Problem statement
Output the whole listing exactly, with no pictures.

Dataset excerpt
⁂
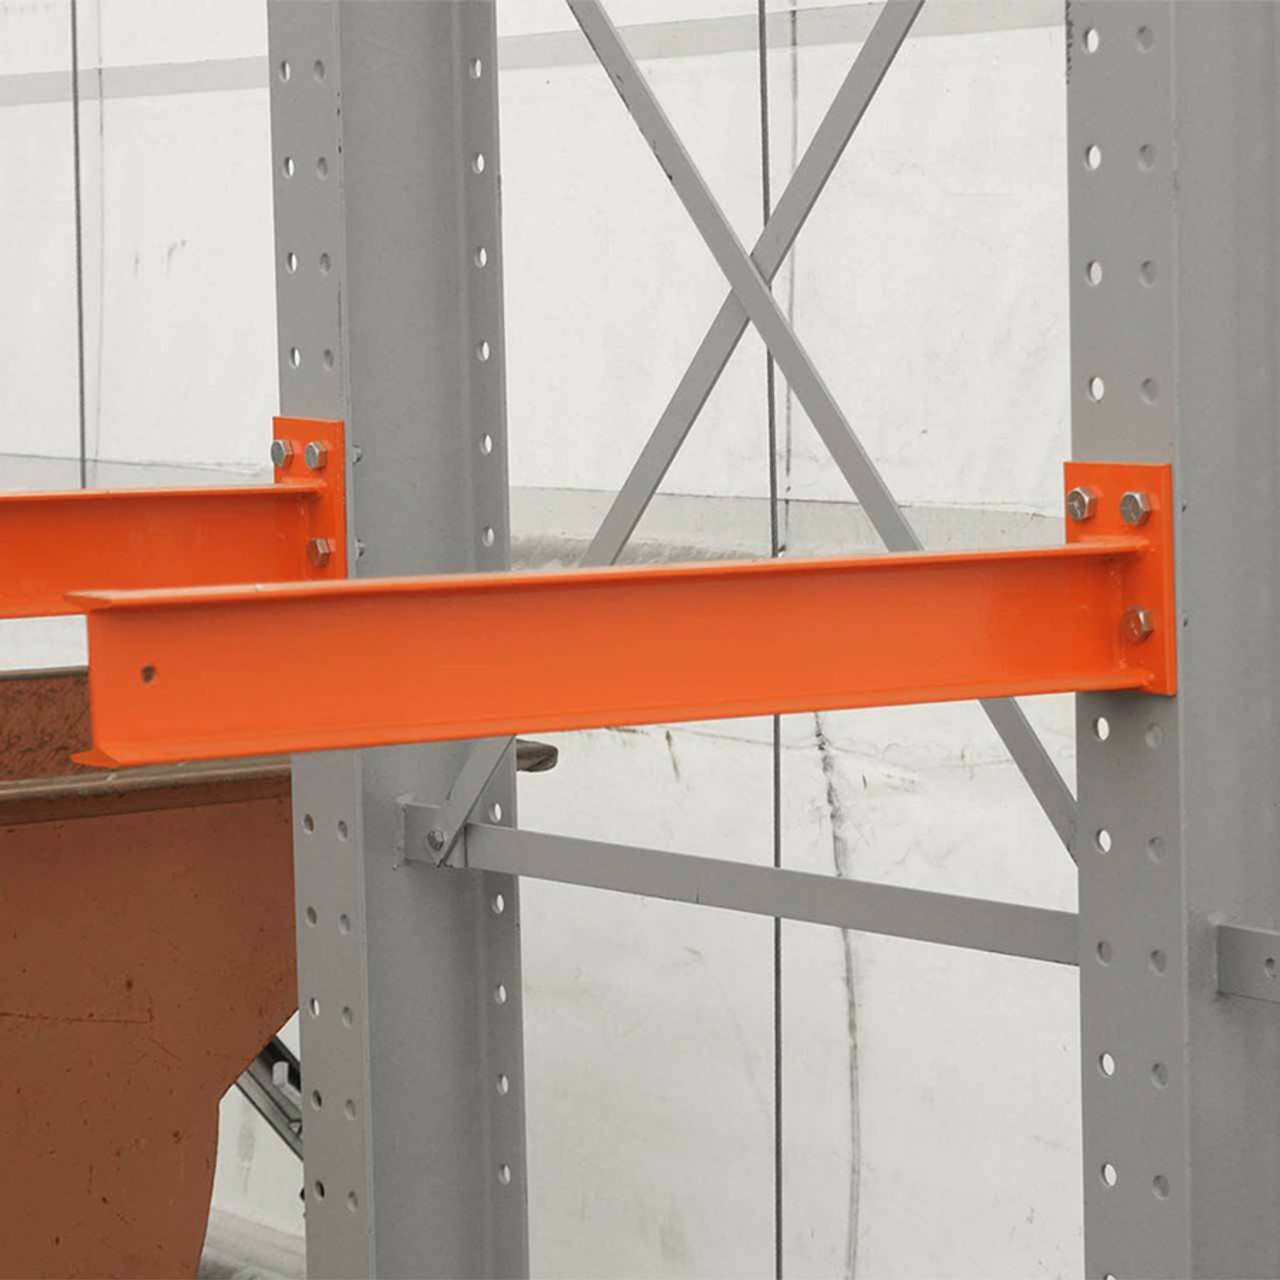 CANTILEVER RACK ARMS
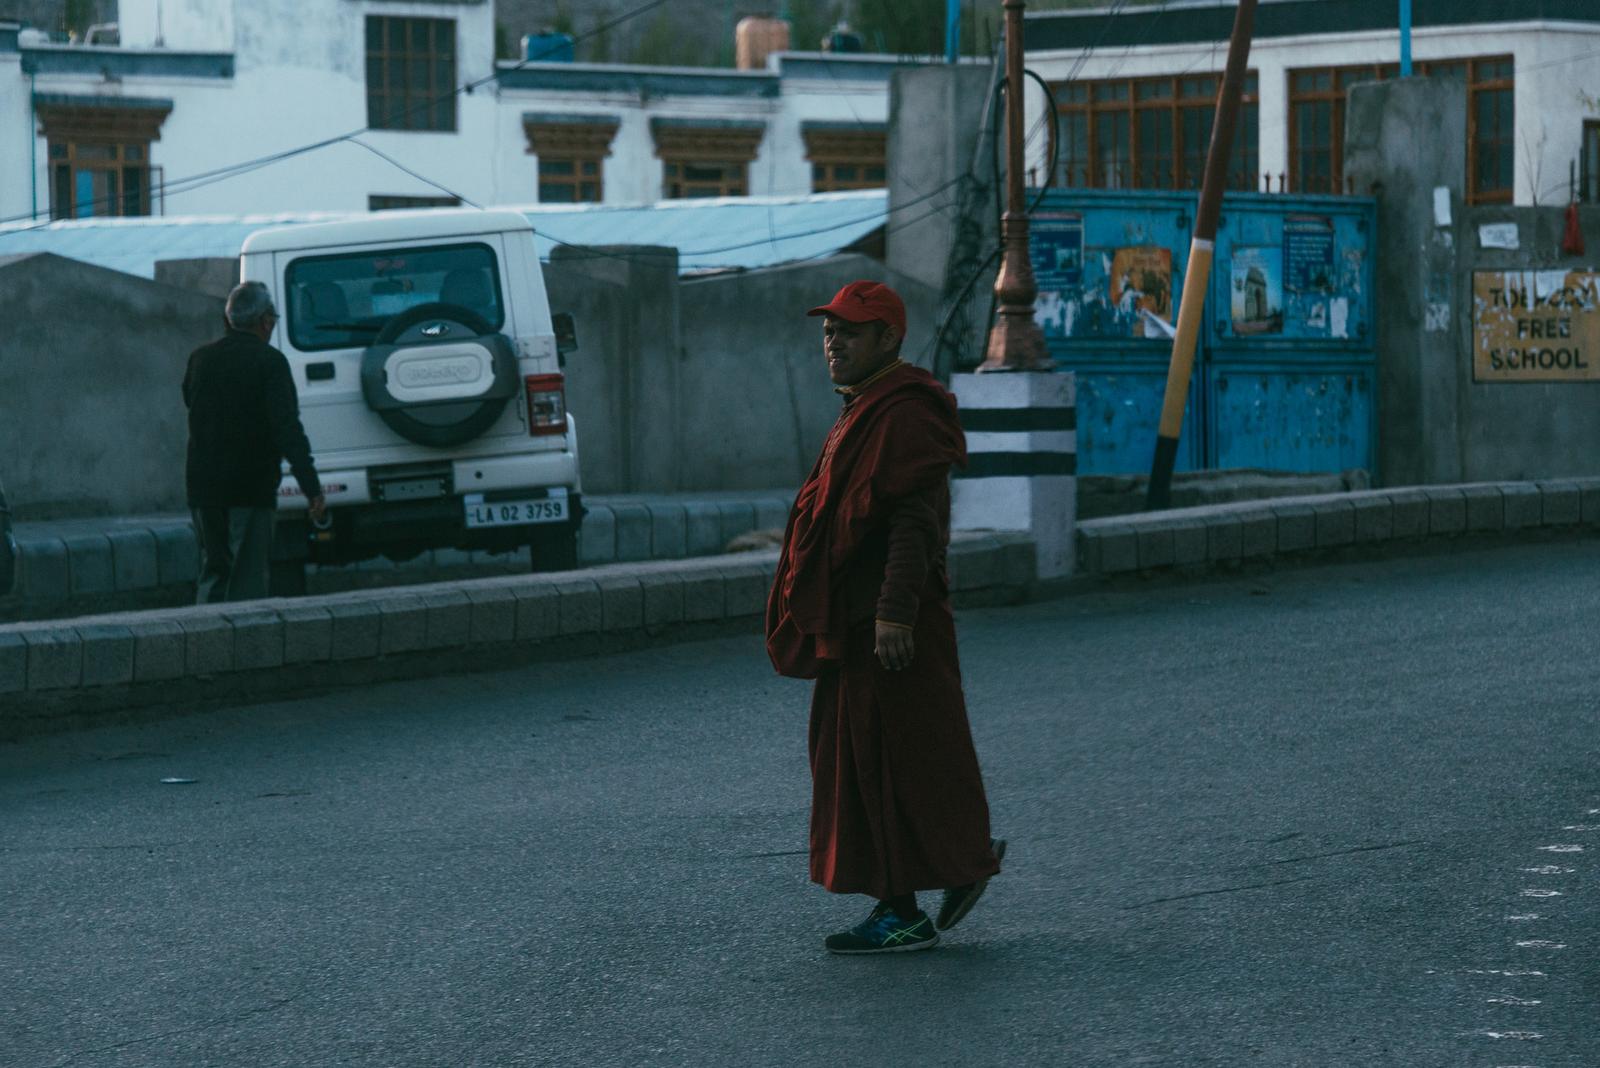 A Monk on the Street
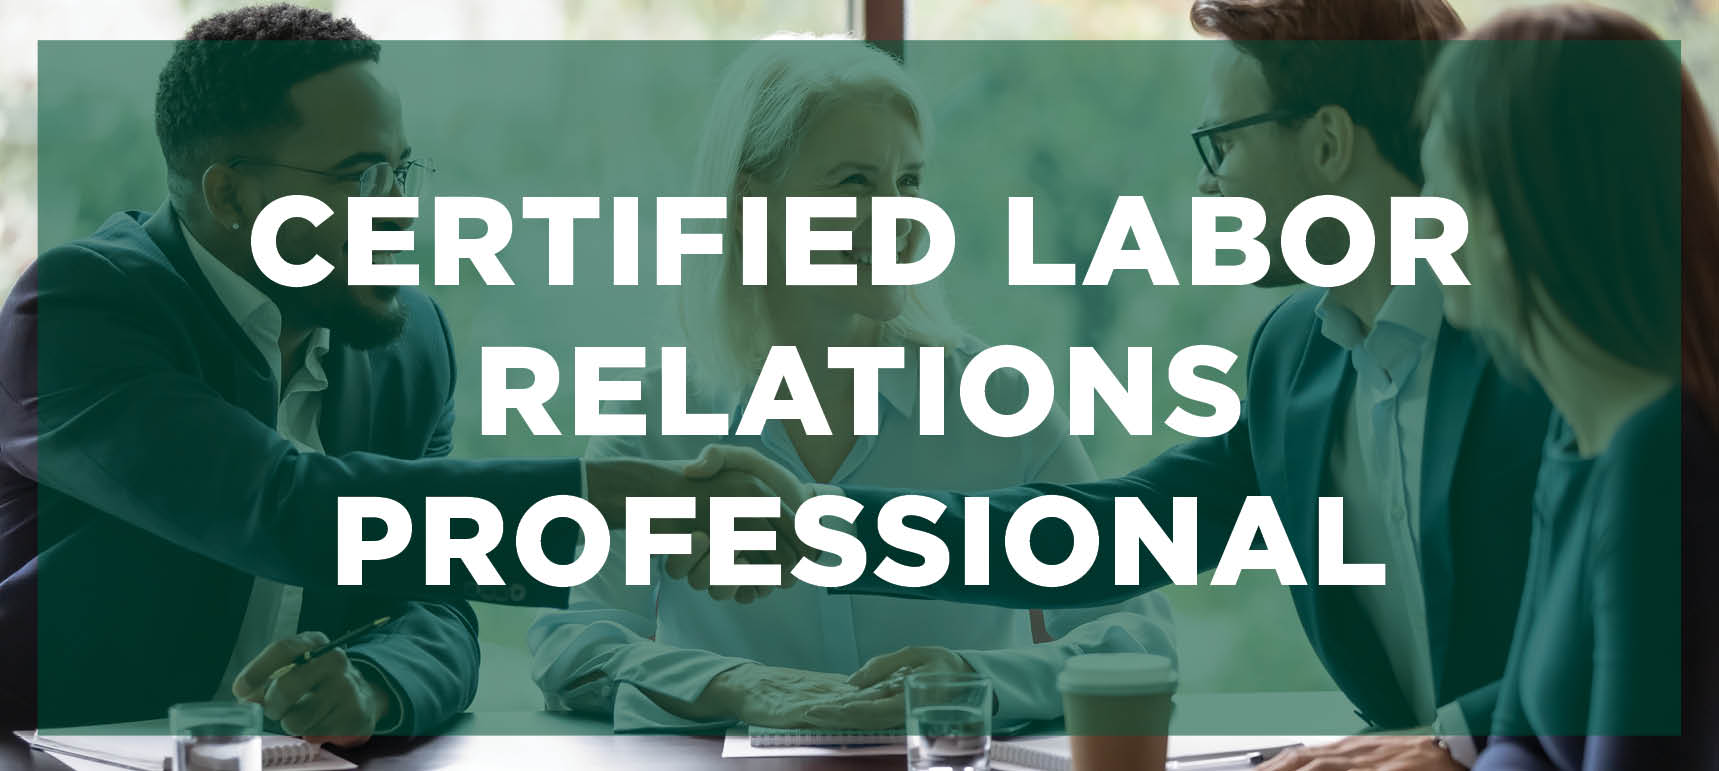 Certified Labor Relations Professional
⁂
Your response
 CANTILEVER RACK ARMS
 A Monk on the Street
 Certified Labor Relations Professional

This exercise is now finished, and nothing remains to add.